The north of the territory is separated from the south by an Israeli military corridor, and the shrinking “humanitarian zones” that Israel considers safe for civilians are already overcrowded. Despite designating some areas as evacuation zones, including al-Mawasi, the Israeli military has carried out strikes there.

Philippe Lazzarini, executive director of the UN agency for Palestinian refugees, said in a message on X: “The people of Gaza are trapped and have nowhere to go. In the last few days alone, more than 75,000 people have been displaced in southwestern Gaza.

“Some can only take their children, others carry their whole life in a small bag. They go to overcrowded places where shelters are already full.”

The new Israeli operation in Khan Younis comes as ceasefire negotiations could resume in Cairo or Doha later this week, following calls from the United States, Egypt and Qatar for talks to resume. In a statement, the leaders of the three countries, which were instrumental in brokering a week-long ceasefire in November, said there was no excuse “from any side for further delay.”

Israeli Prime Minister Benjamin Netanyahu has announced that his country will send a delegation to the negotiations that begin on August 15, despite repeated accusations that he is dragging his feet to ensure his own political survival.

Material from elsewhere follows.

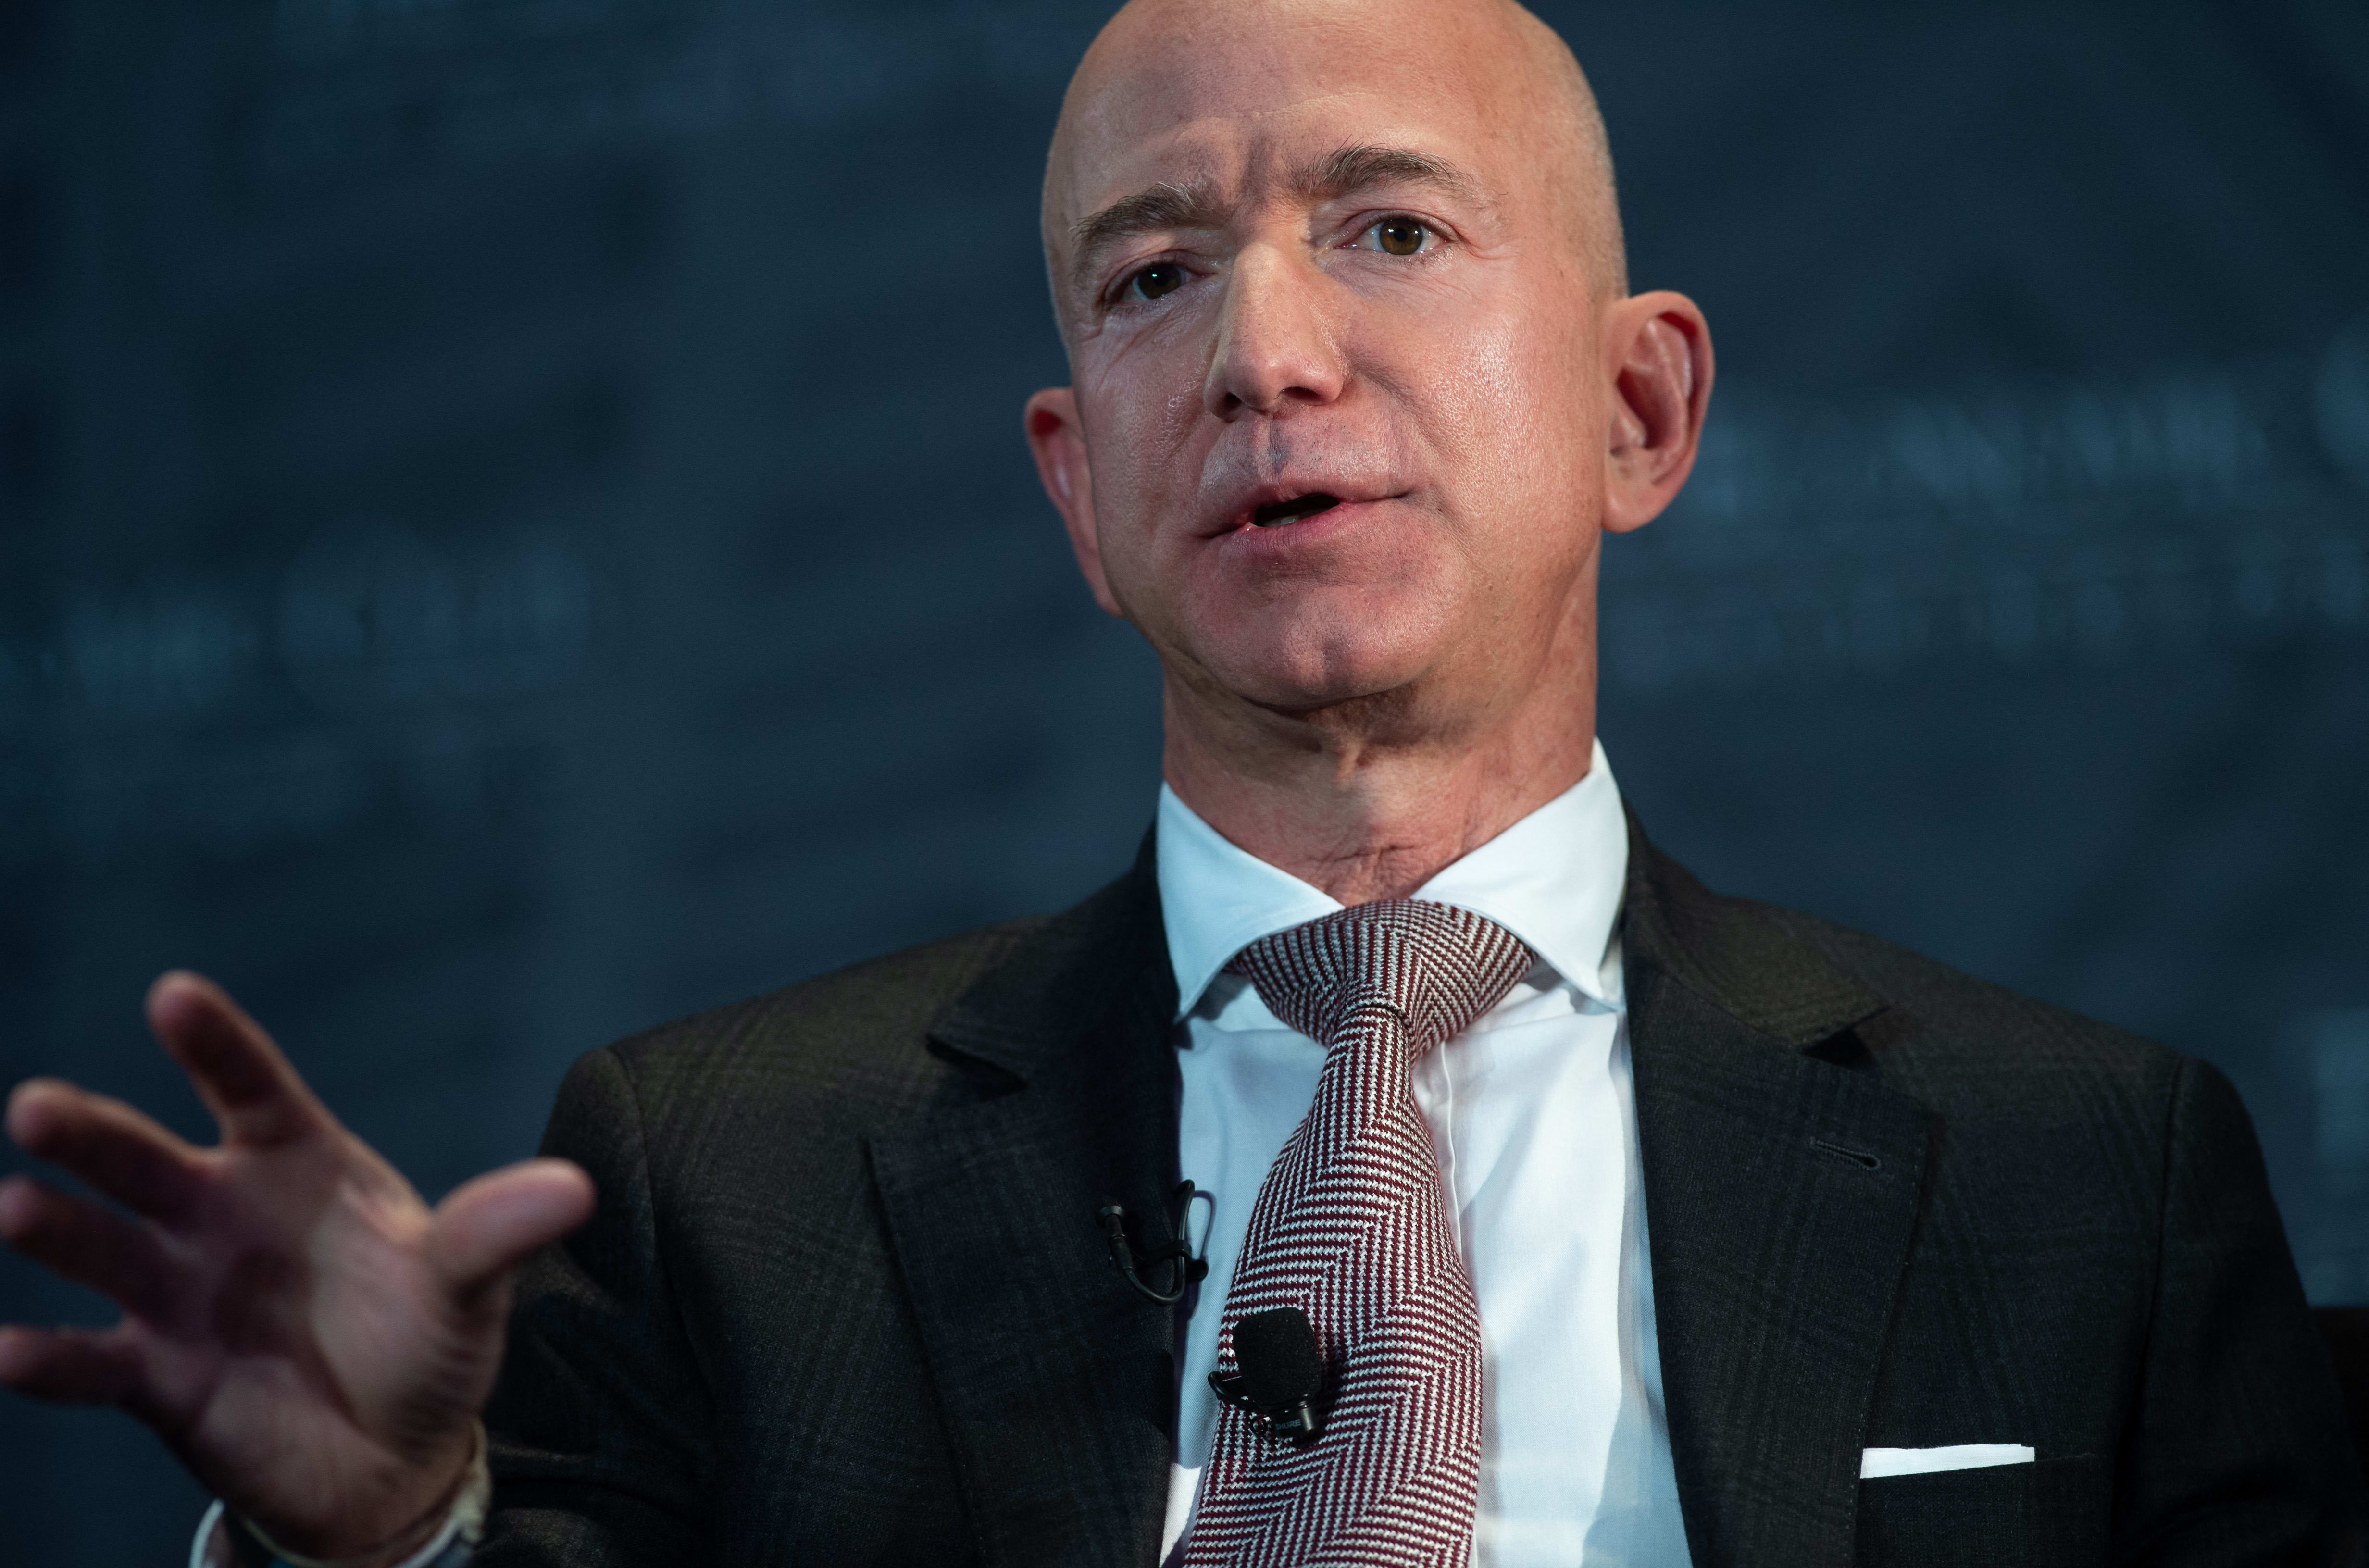 Jeff Bezos pictured in September 2018 speaking during the Economic Club of Washington's Milestone Celebration event in Washington, DC.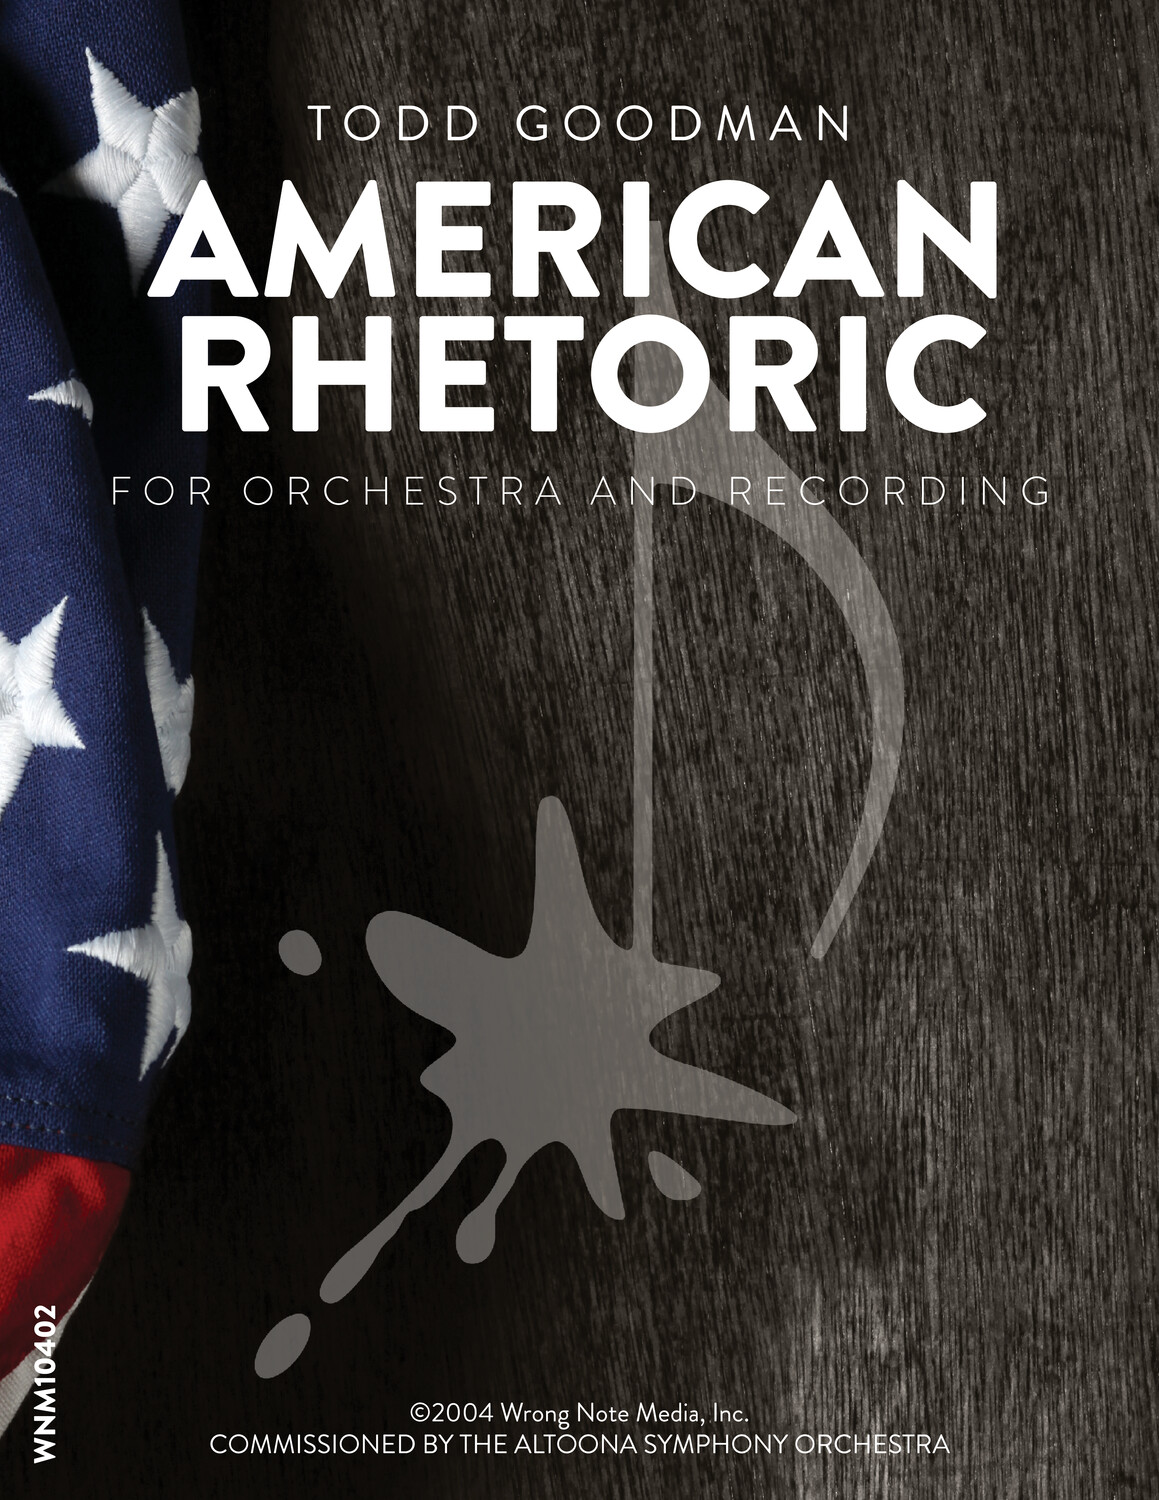 AMERICAN RHETORIC by Todd Goodman

Hamas has yet to respond to the invitation.

The revival of the talks is seen as more vital than ever after the assassinations last month of a senior Hezbollah official and Ismail Haniyeh, Hamas’ political chief. The killings, in Beirut and Tehran, which the Lebanese group and Iran blame on Israel, threaten to turn the war in Gaza into a regional conflict.

Hezbollah and other Iranian allies in the region have said they will stop attacking Israel once the Gaza war ends. Nearly 40,000 people have been killed in the Gaza Strip in the conflict sparked by the October 7 massacre by Hamas in southern Israel, in which some 1,200 people were killed and 251 taken hostage.

US Vice President and Democratic presidential candidate Kamala Harris said on Saturday that the need for a ceasefire and a deal to release the hostages was urgent.

“The deal has to be done. It has to be done now,” she said at an event in Phoenix, Arizona. She and President Joe Biden have been working “around the clock” on the negotiations, she added.

“Israel has the right to go after Hamas terrorists. But as I have said many times, they also have, I think, a significant responsibility to avoid civilian casualties,” she said, referring to the Israeli bombing of a school used as a shelter in Gaza City on Saturday that killed about 80 people.

Also on Sunday, the office of Palestinian President Mahmoud Abbas announced that he would travel to Moscow next week to discuss the war with Russian President Vladimir Putin.

Abbas, who resides in the West Bank, last visited Moscow in February, when Russia hosted reconciliation talks between Fatah, Hamas and other Palestinian factions. Several attempts to ease tensions between Fatah and Hamas since the latter took control of Gaza after a brief civil war in 2007 have failed.